William Dalrymple’s visual tribute to a Mughal emperor who fought East India Co rule
The Historian’s Eye is an exhibition of photographs shot by author William Dalrymple as he researched Mughal emperor Shah Alam’s valiant battle against the East India Company for his new book, The Anarchy.
Three years ago, author William Dalrymple started a journey that took him around the length and breadth of the country and its borders. He was researching for his upcoming book, The Anarchy, which revolves around the East India Company, “a militarised multinational” which destroyed the mighty empire of the Mughals.
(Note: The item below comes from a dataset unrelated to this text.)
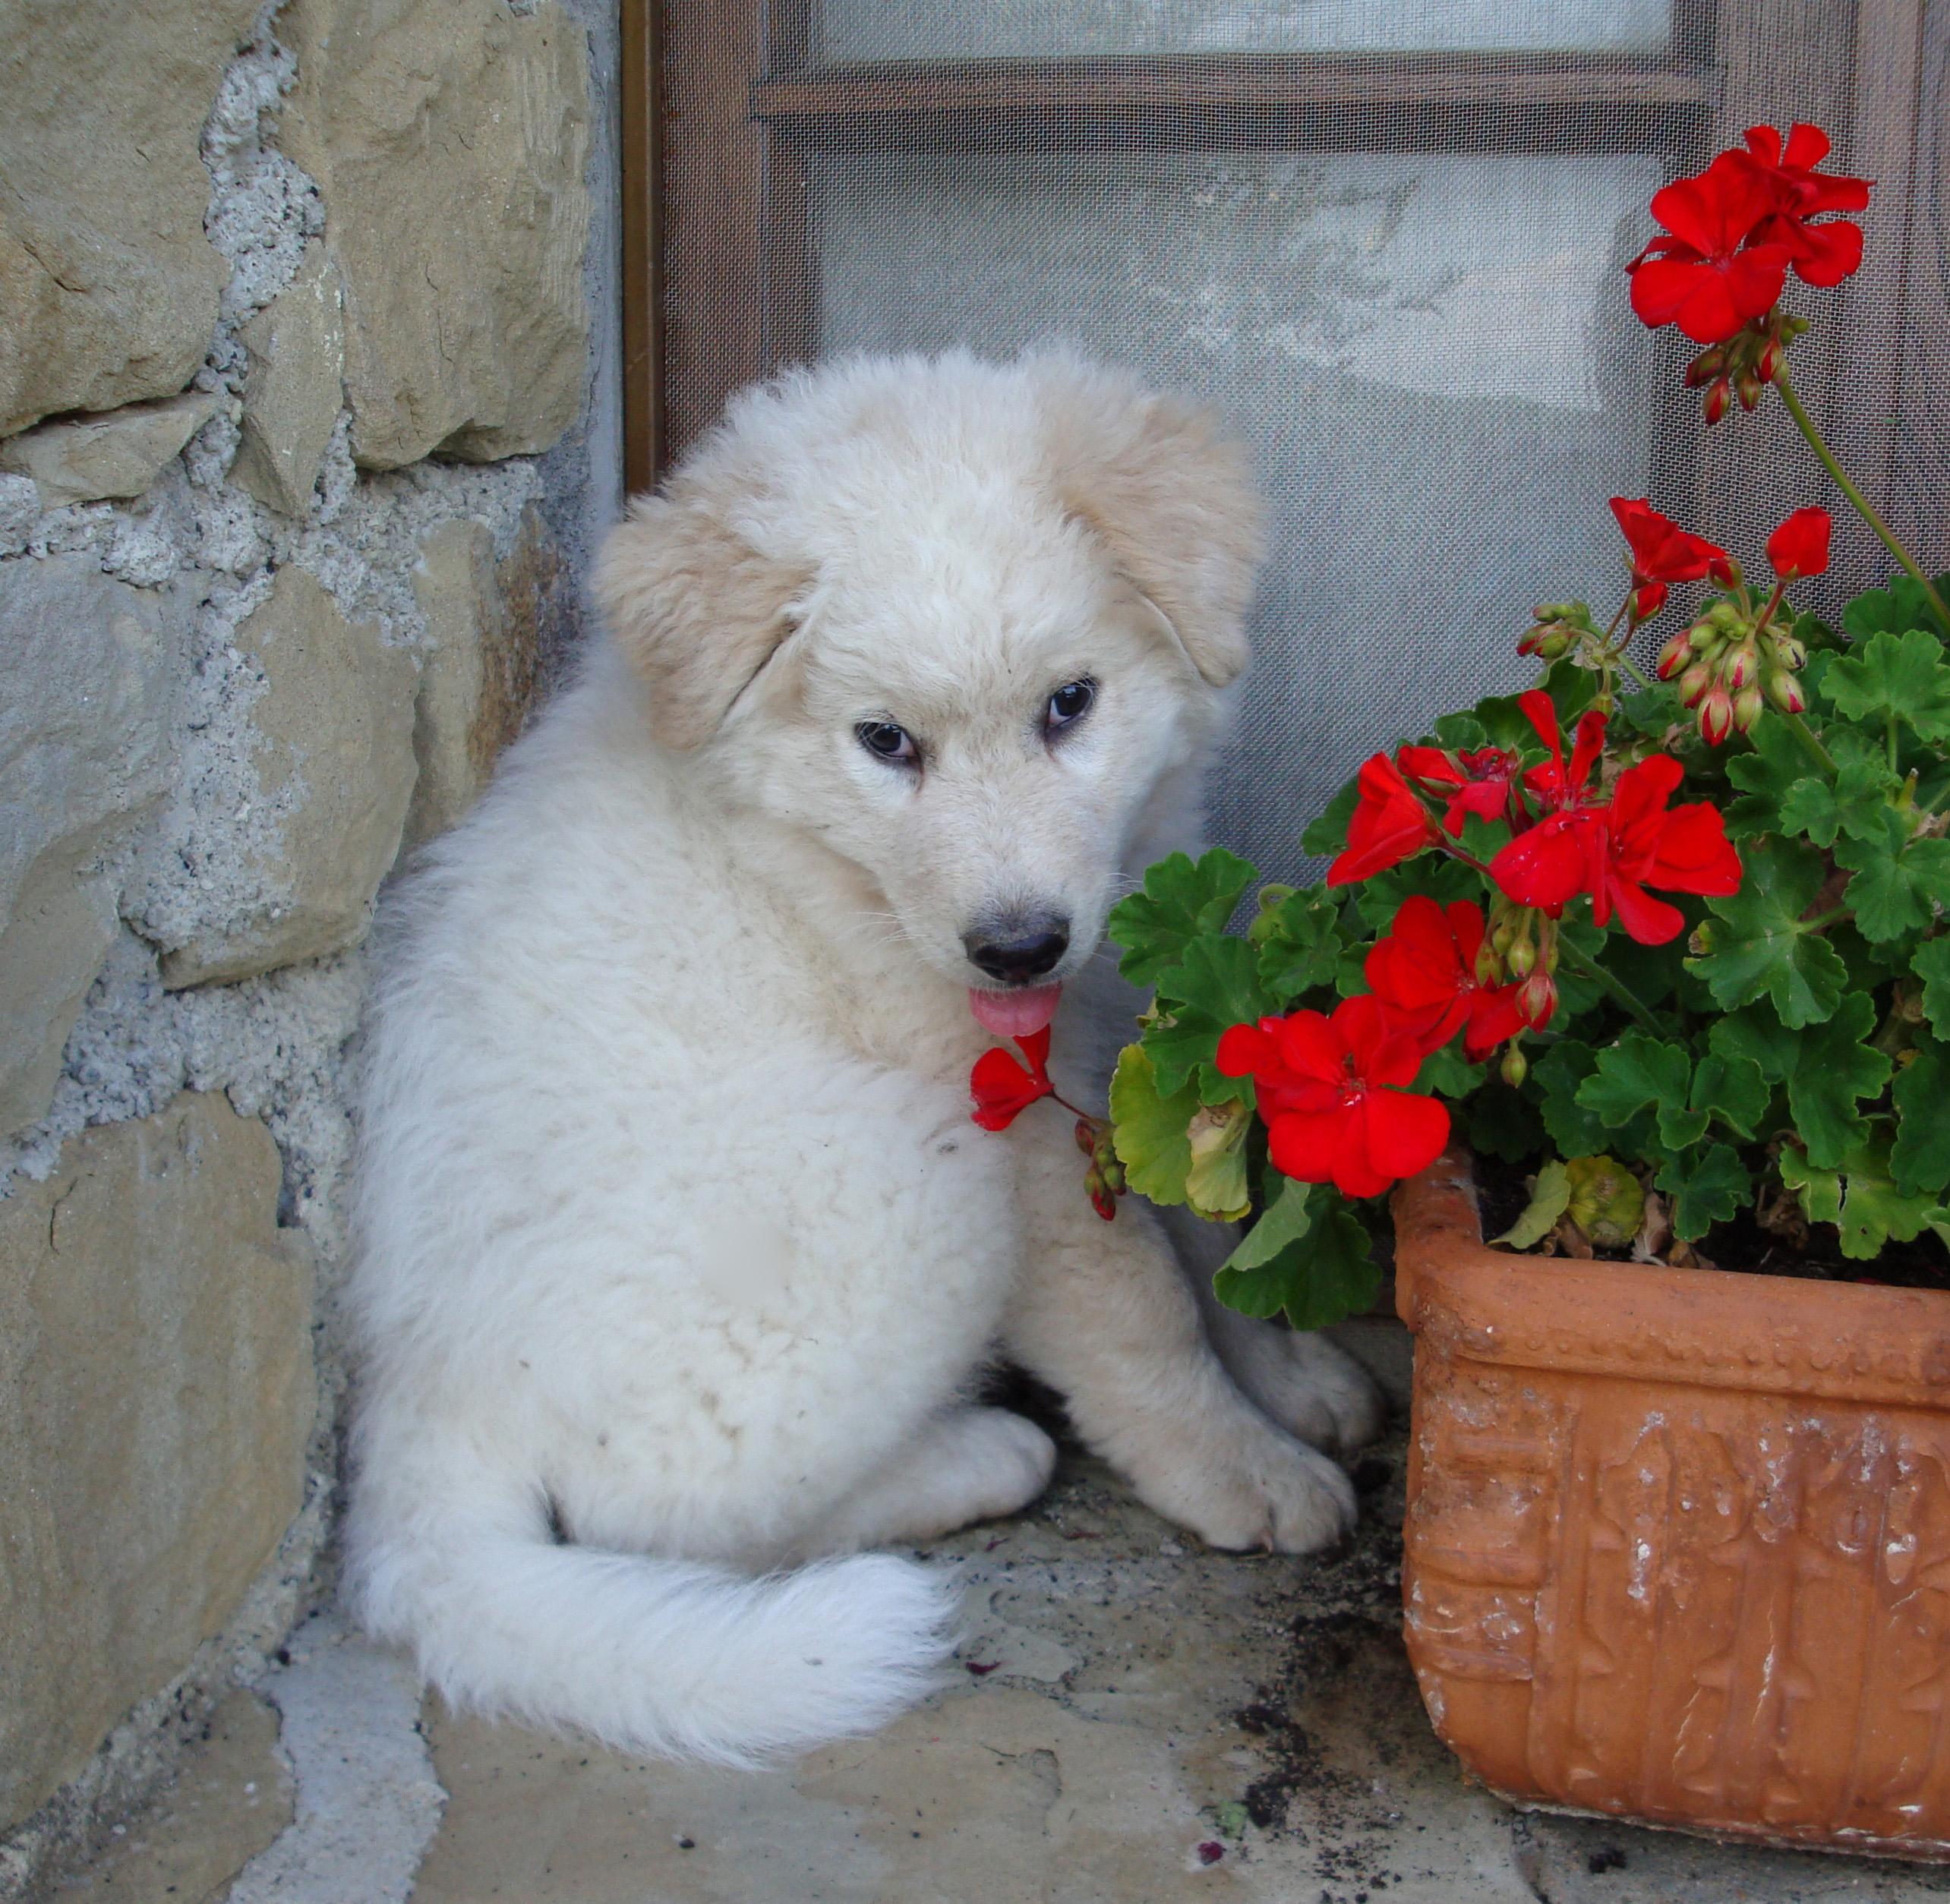 Maremma Sheepdog puppy with a flower wallpaper

As Dalrymple writes in the introduction to his new exhibition at Mumbai’s Akara Art, organised jointly by photo gallery Tasveer and art platform Dauble, he was fascinated with how “a dangerously unregulated private company with one small office occupying less than two hundred yards of London street frontage — five windows wide” ended up seizing India at the end of the 18th century.

The central protagonist of The Anarchy is the Mughal king Shah Alam, a charismatic poet and courageous ruler who fought the East India Company’s military genius Robert Clive. In trying to retrace this period and walk in the steps of the king, the author visited places where history was made, and art and architecture thrived in the 18th century, including battlefields, Sufi shrines, temples, gardens, crumbling Mughal havelis, palaces and forts across India and Pakistan. Dalrymple also researched the culture of the period, be it the technique to make attar in Lucknow, or the art of painting miniatures in Kashmir and the lower Himalayan valleys of Chamba, Guler and Kangra.
A bygone era
“It is one of the most ignored periods in Indian history. This is despite the fact that so much of beautiful art and architecture was made in that era. Pahari miniature art was thriving,” says Dalrymple, adding, “There are also very few books on Shah Alam, despite the fact that he is such an interesting character.”
In the introduction, Dalrymple narrates how in the 1750s, Shah Alam broke out of his besieged mansion in Delhi and decided to head east to revive the fortunes of his dynasty, by ousting the British from Bengal. Without money or support, but largely thanks to his charisma, he managed to get people to join his caravan and form an army. However, in 1765, he was captured. He managed to escape and return to Delhi where he was brutally blinded by an Afghan warlord. In 1803, the British marched into Delhi claiming they are there to ‘protect’ the blind emperor, effectively marking the end of Mughal rule.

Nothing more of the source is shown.